Lehman Brothers’ Minibond
SHOULD HKMA BEAR THE LARGEST RESPONSIBILITY IN THE CASE OF THE FRAUD OF LEHMAN BROTHERS’ MINIBON
Table of ContentIntroduction 3
What are the Lehman Brothers mini-bonds 6
Complying with the Code of Conduct? 10
Securities and Futures Commission: 13
Hong Kong Monetary Authority 16
Banks and Investors 18
Conclusion 20
Recommendation 22
Reference 24
Introduction
Recently there has been a lot of discussion among legislators, regulators and investors concerning the mis-selling of Lehman Brothers’ minibond. In the wake of the collapse of Lehman Brothers, so called ‘minibonds’ have caused a great deal of controversy in Hong Kong. Questions have been raised over the sales and marketing practices of distributors and whether complex structured products are appropriate for the retail market. Since Lehman collapsed on September 15, 2008, many investors have suffered huge losses from their investment. Around 43,500 Hong Kong people have invested with estimated HK$15.7 billion in the minibond. They are mainly distributed by bank and brokers which are under the supervision of HKMA and SFC respectively.

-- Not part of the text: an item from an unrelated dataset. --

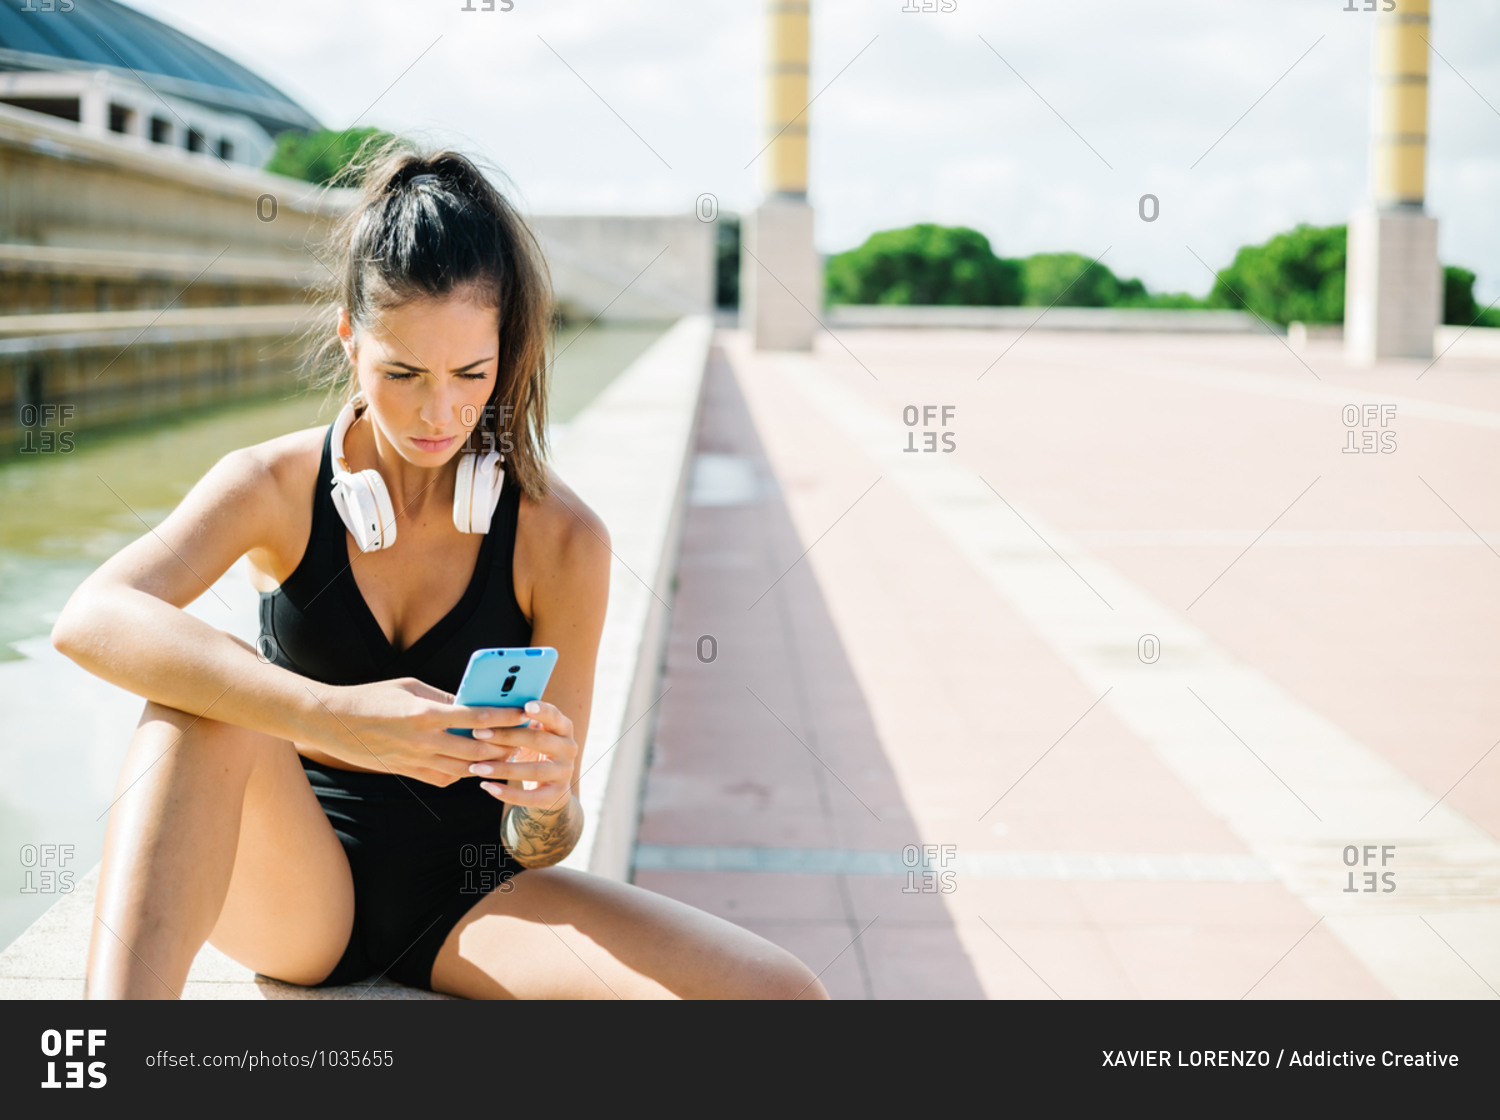 Fit female with tattoo on arm and headphones on neck dressed in black sports bra and shorts browsing mobile phone while sitting on stone border and relaxing after fitness workout on street

In Hong Kong, minibonds were distributed as retail products from 2003. Minibond is a very complex and high-risk structured products and it is not a bond. It is not intended to sell to the retail investors. As a result, many say that there’s been a failure on the part of the regulatory bodies including HKMA and SFC since they are to be unified into one single body that would be equipped to oversee the issuing and sale of all financial products.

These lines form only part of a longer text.